As I traveled in the car coming back from my Renewal Retreat, I thought about how the transition back to my role as the full time Caregiver would go.  Having done retreats before, I knew that once I was in the door, there would be little chance to ease back into the demands.   Having realistic expectations about the transition back to Caregiving duties has helped me very much in the last years. 

It is actually unreasonable to expect the person who has been left at home to be anxious to celebrate the wonderful experience you have had away from him/her.  As Caregivers it is important for us to try to put ourselves in the place of our Carereceiver who does not have the luxury of going on a retreat and enjoying some solitude, doing things for the sake of renewal, things they can no longer do. 

Sometimes the very things we do to help maintain our equilibrium so that we can continue to be good Caregivers make our Loved One’s jealous.  How could it be otherwise.  We are the people closest to them.  We are the ones they depend on for all their needs.  They would love to be able to take care of themselves.  They would love to take some time to do the things that used to bring them joy.  They would love to get away on their own just to enjoy themselves.  They can’t any longer.  Our freedom, however limited we may feel it to be, can be for them a painful reminder of the freedom they have lost. 

As a result, sometimes Caregivers don’t hear the words of appreciation for all they do, words they would like to hear.  Sometimes Caregivers receive some passive aggressive indications that they are not appreciated.  Sometimes Caregivers feel as if their Loved Ones resent them instead of appreciate them.  Sometimes they do resent us, whether it is fair or not for them to do so.

I have taken over the kitchen duties from Mary Ann.  Her way of responding if anyone asks about cooking is to say, “Theywon’t let me in the kitchen any more.”  She says it with a tone that sounds blaming.  It is the way she expresses her frustration that she has lost one of her most meaningful activities, one from which she got lots a positive feedback and satisfaction.

When the Grandchilren come and visit, there are hugs and kisses for both Grandma and Grandpa, but I am the one who can respond to the Grandchilren, who can talk with them and read to them and play with them.  The attention they give me is hard for Mary Ann to see.  It is another reminder to her of what she has lost. 

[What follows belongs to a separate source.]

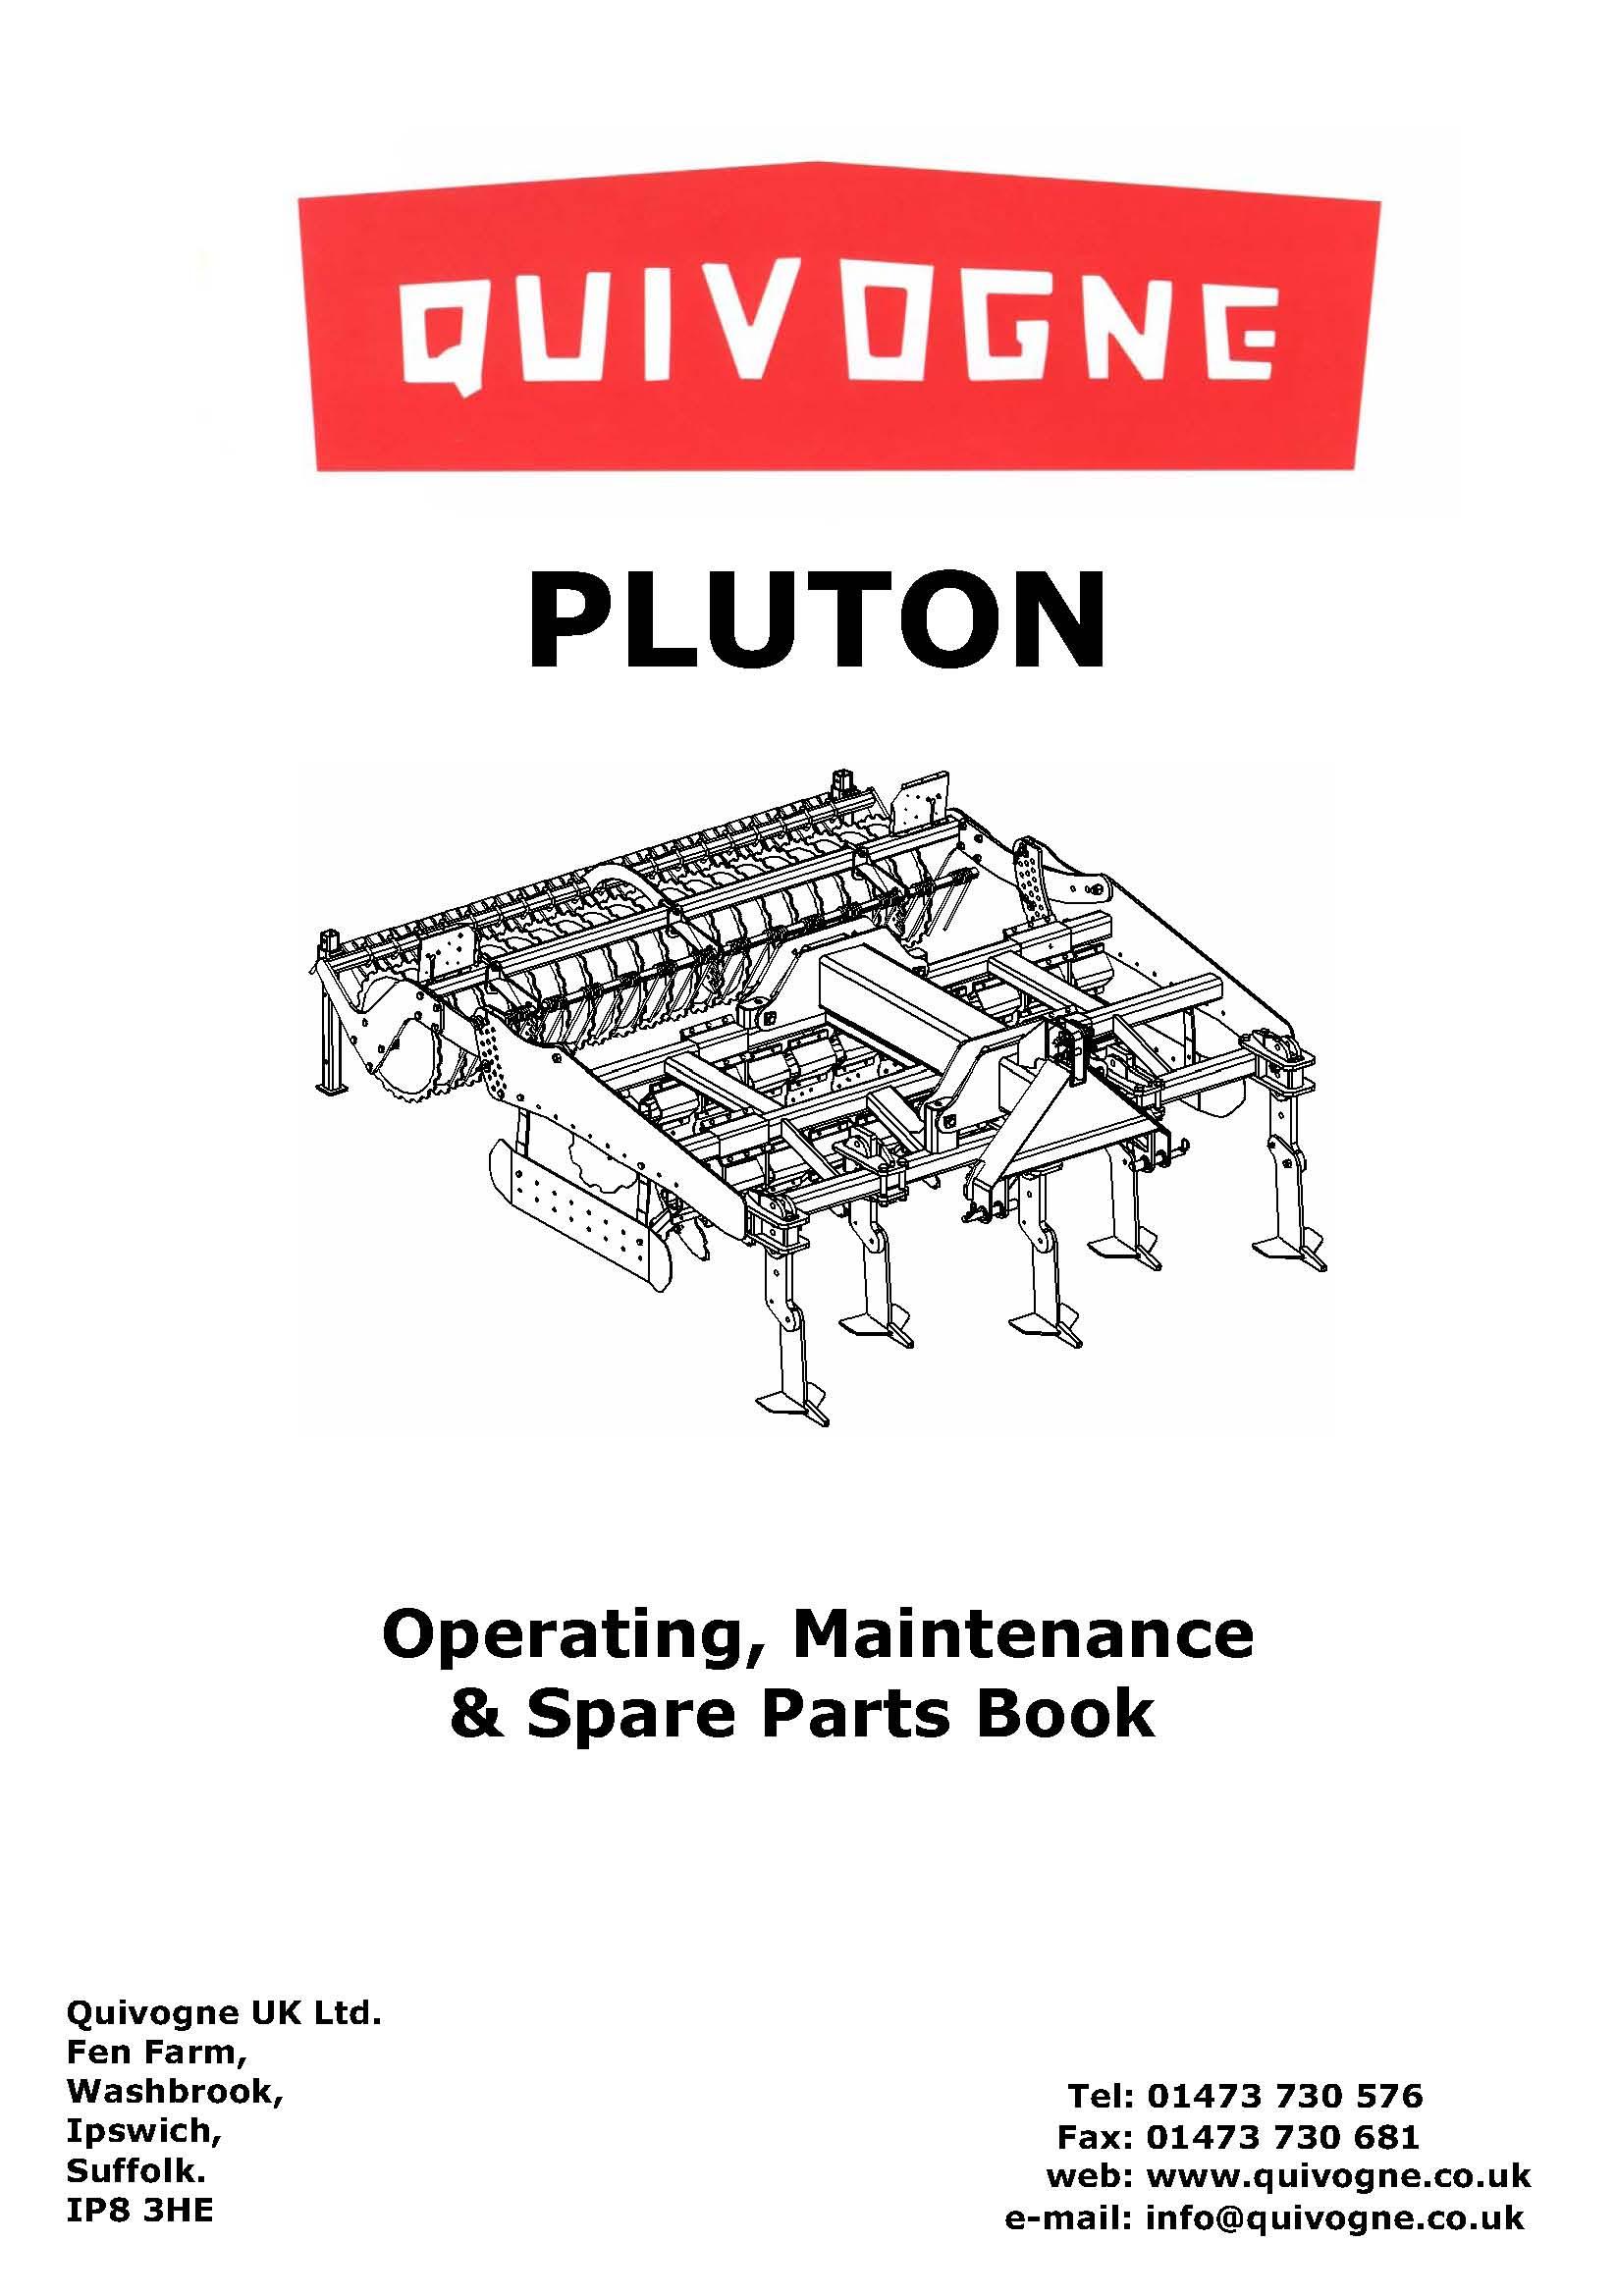 Pluton complete book

When people visit for any reason, her words are few or barely audible due to the progression of the Parkinson’s Disease.  I am the one who engages in conversation.  She has always been the entertaining one who had the smart-aleck comments to make.   She still has that wicked sense of humor and will get you when you least expect it.  Those who know her well still enjoy her sense of humor.  Now, her thoughts don’t always translate into audible words quickly enough to keep up with many conversations.   Of course, she gets frustrated and a little jealous.   

Caregivers are the ones who are the most accessible when Carereceivers need to vent their frustrations.  Their limitations are highlighted by anything we do, especially anything that was in their territory before the chronic illness took its toll. 

We feel hurt that we are doing so much for them but are not appreciated adequately for it.   One of the tasks that comes with caring for someone we love is to allow them to express their frustration, yes, even at us.  We are only human, so it does hurt when it happens.  The real culprit here is the chronic disease, in our case, the Parkinson’s.  While resentment and hurt feelings are a part of the Caregiver/Carereceiver relationship, it is the third member of the relationship, the chronic disease that is the source of the frustrations. 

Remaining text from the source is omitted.